**LSE Data Science Institute | DS105M 2022 Week10**

**Topic:** Unstructured Data

**Author:** [@jonjoncardoso](github.com/jonjoncardoso)

**Date:** 29 November 2022

---

Obs: If you did not attend the lecture, you might notice a few gaps in your understanding when following this notebook.
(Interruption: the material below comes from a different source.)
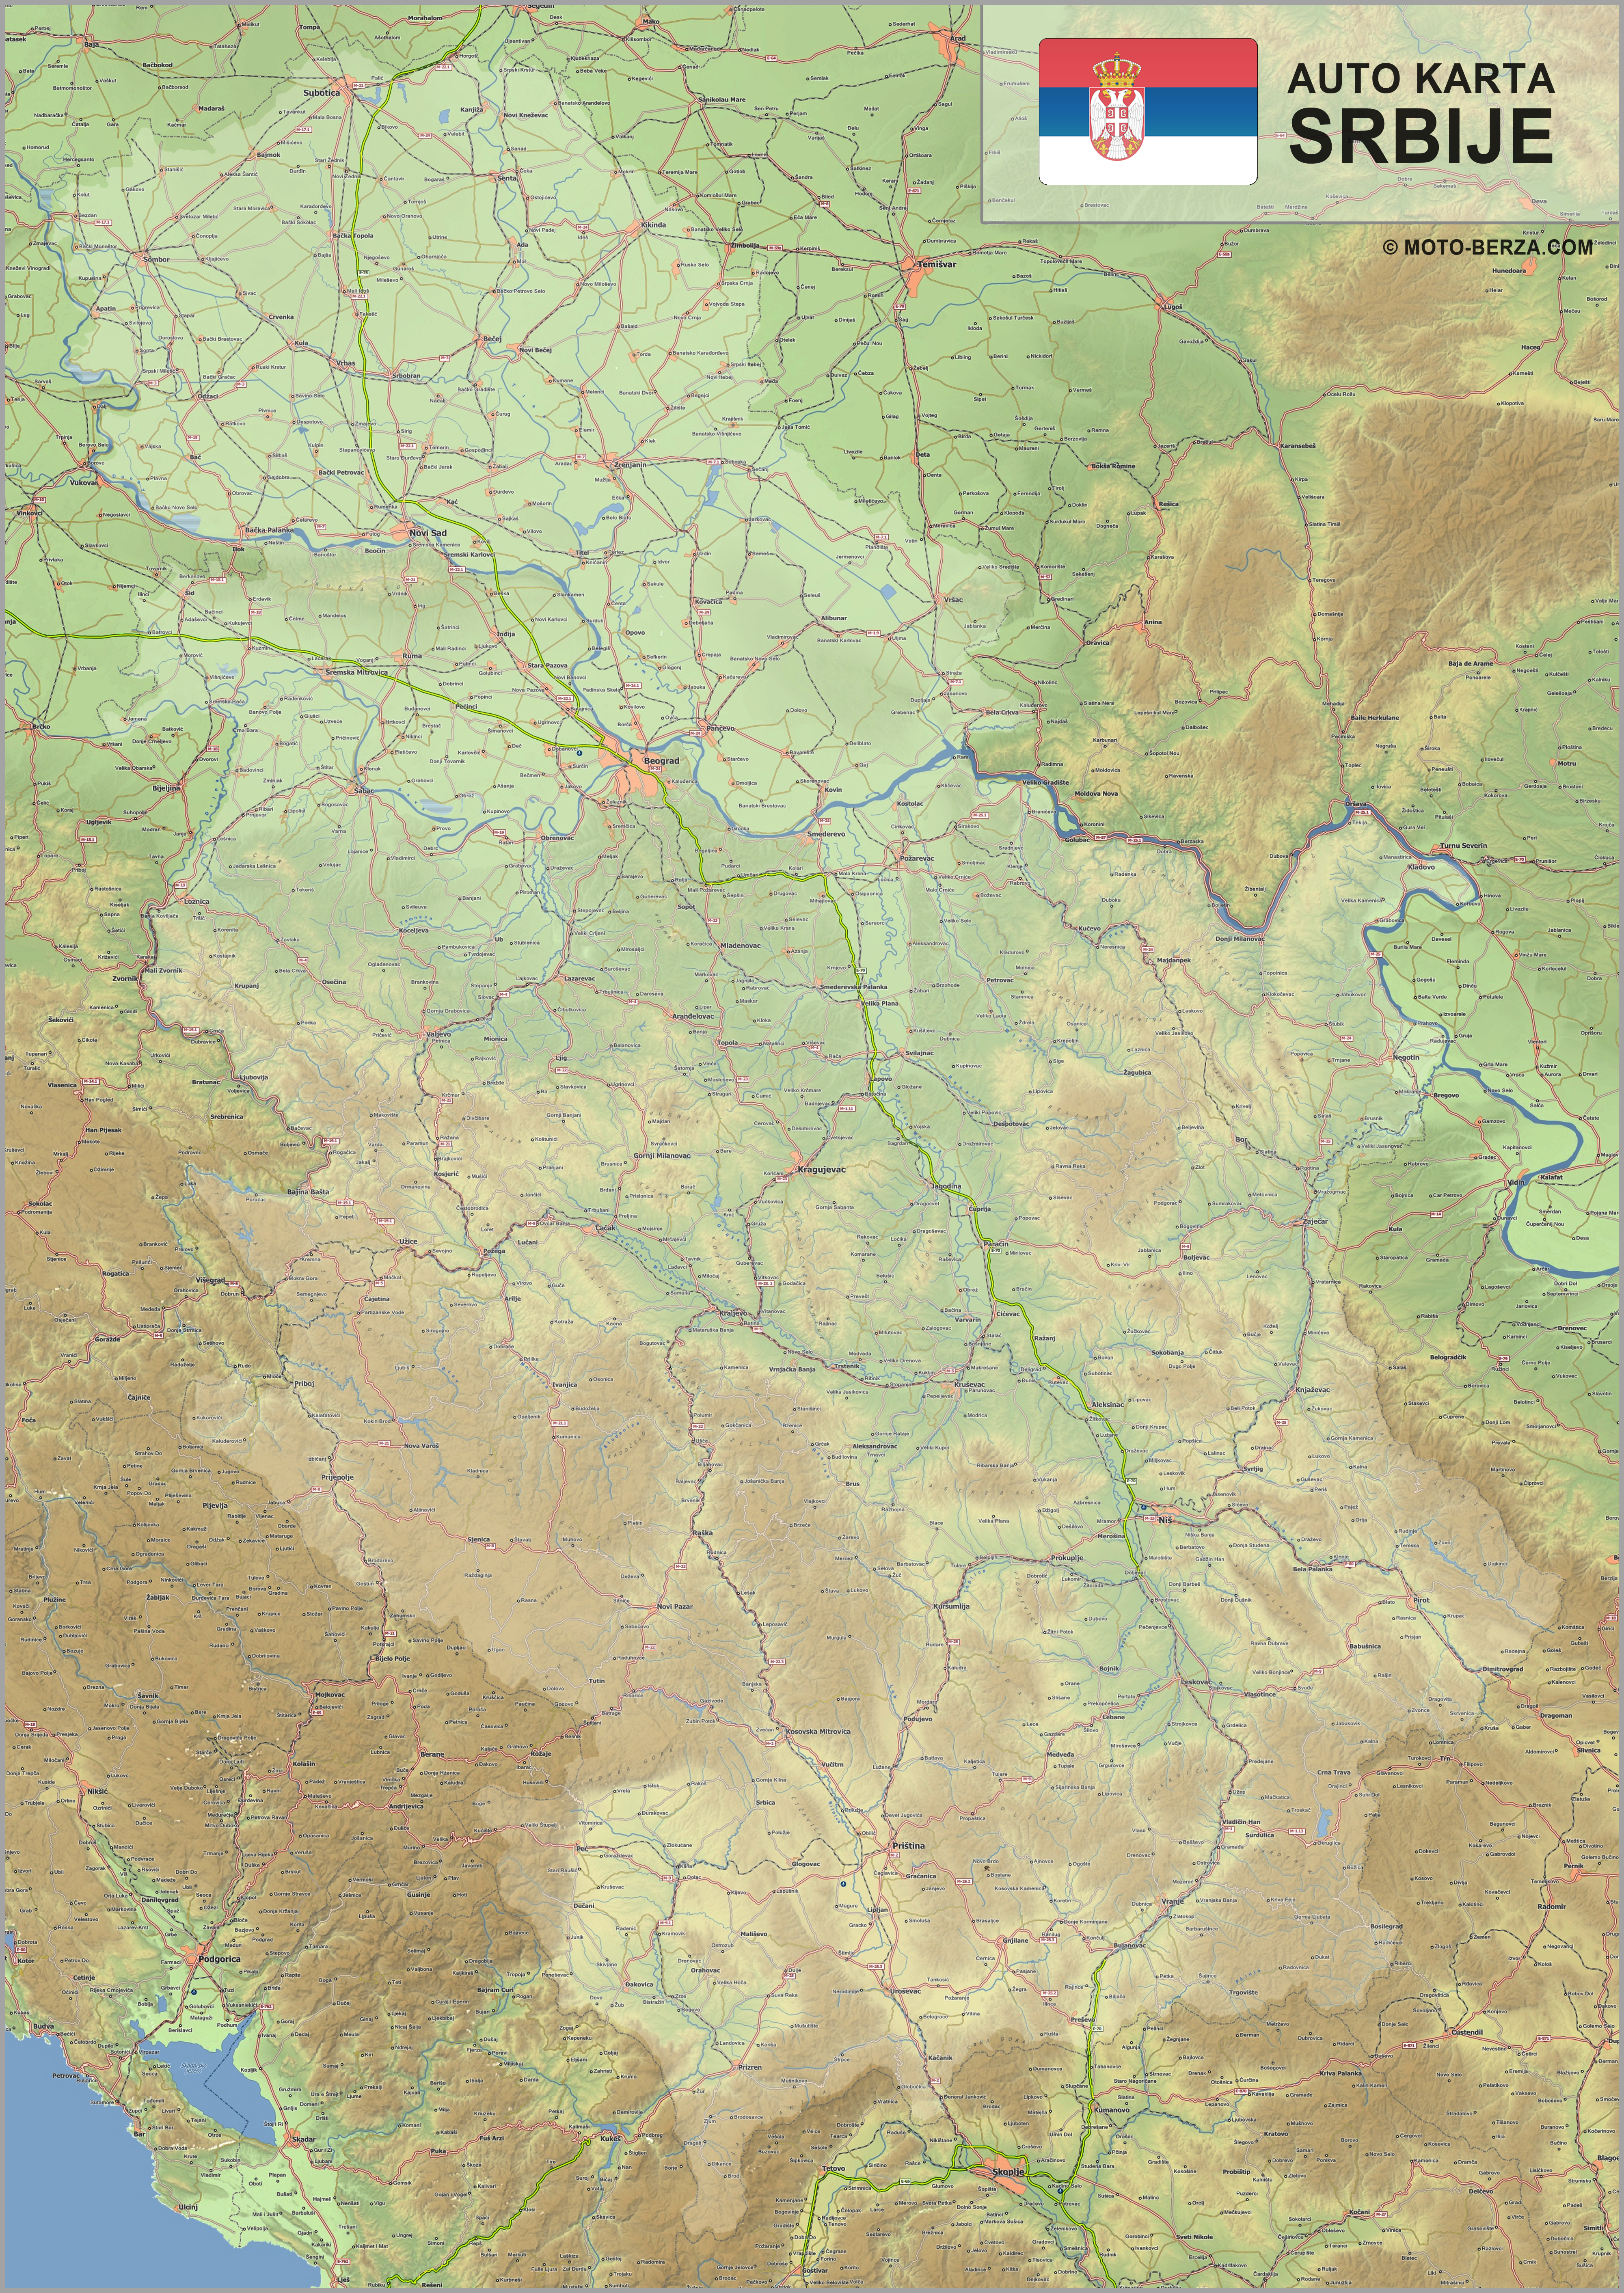 mapa srbije razdaljina u km Mapa srbije   Auto karta Srbije   Geografska karta sa putevima mapa srbije razdaljina u km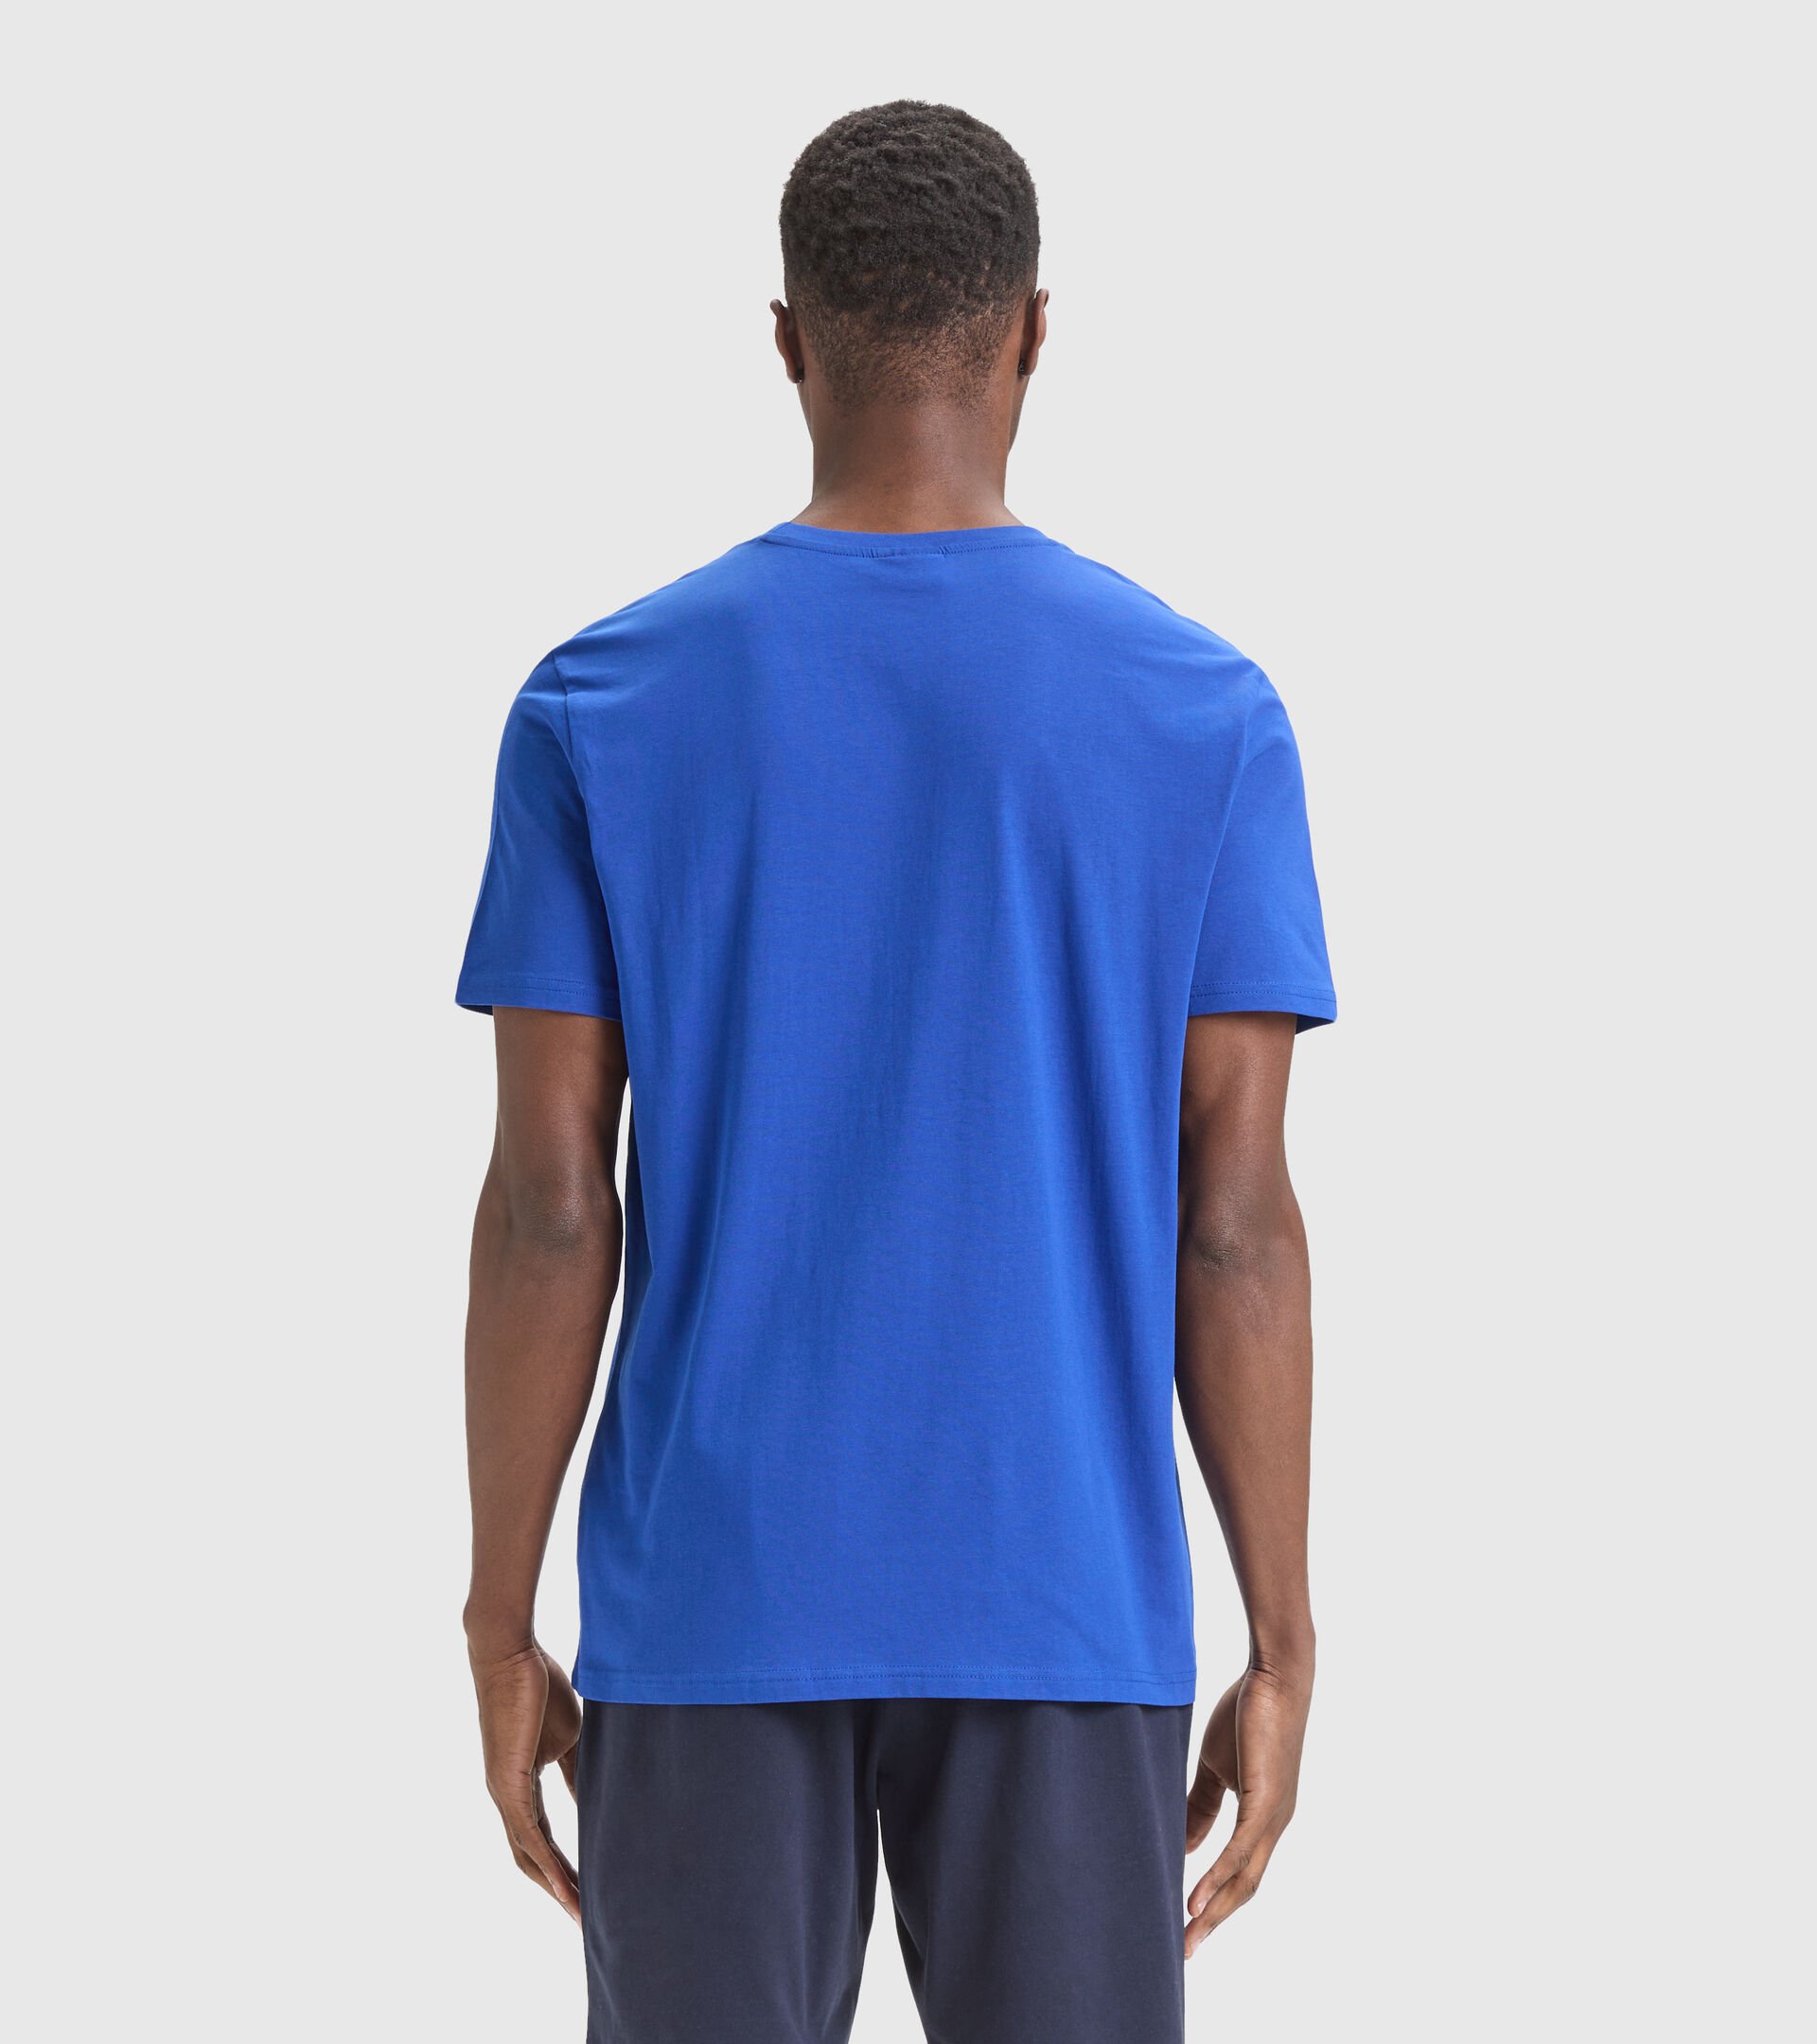 Cotton T-shirt - Men T-SHIRT SS CORE TRUE BLUE - Diadora

Watch the lecture recording.

# Why care about unstructured data?

Most datasets do not come in a tidy format that can fit perfectly well in a data frame (a structured data format). That is the case, for example, of **text data**.

# Working with Twitter Data

We will use [tweepy](https://docs.tweepy.org/en/stable/getting_started.html) library to access Twiter API.

The first thing we have to do is authenticate:

## 🚨🚨🚨🚨KEEP SECRETS OUT! 🚨🚨🚨🚨

EXTREMELY EXTREMELY IMPORTANT ADVICE:

- Don't use your SSH keys ANYWHERE in this notebook. Also, don't put them on Github either!!!
- Instead, create a `config.py` file somewhere outside this project (or .gitignore this file). See for example [this Stackoverflow link](https://stackoverflow.com/a/25501861/843365)

In [149]:
import config # This loads the content of the config.py file. If this throws an error, it is because you haven't created a config.py!

## Establish a connection

In [2]:
import tweepy

client = tweepy.Client(bearer_token=config.bearer_token, 
                       consumer_key=config.api_key, 
                       consumer_secret=config.api_key_secret, 
                       access_token=config.access_token, 
                       access_token_secret=config.access_token_secret)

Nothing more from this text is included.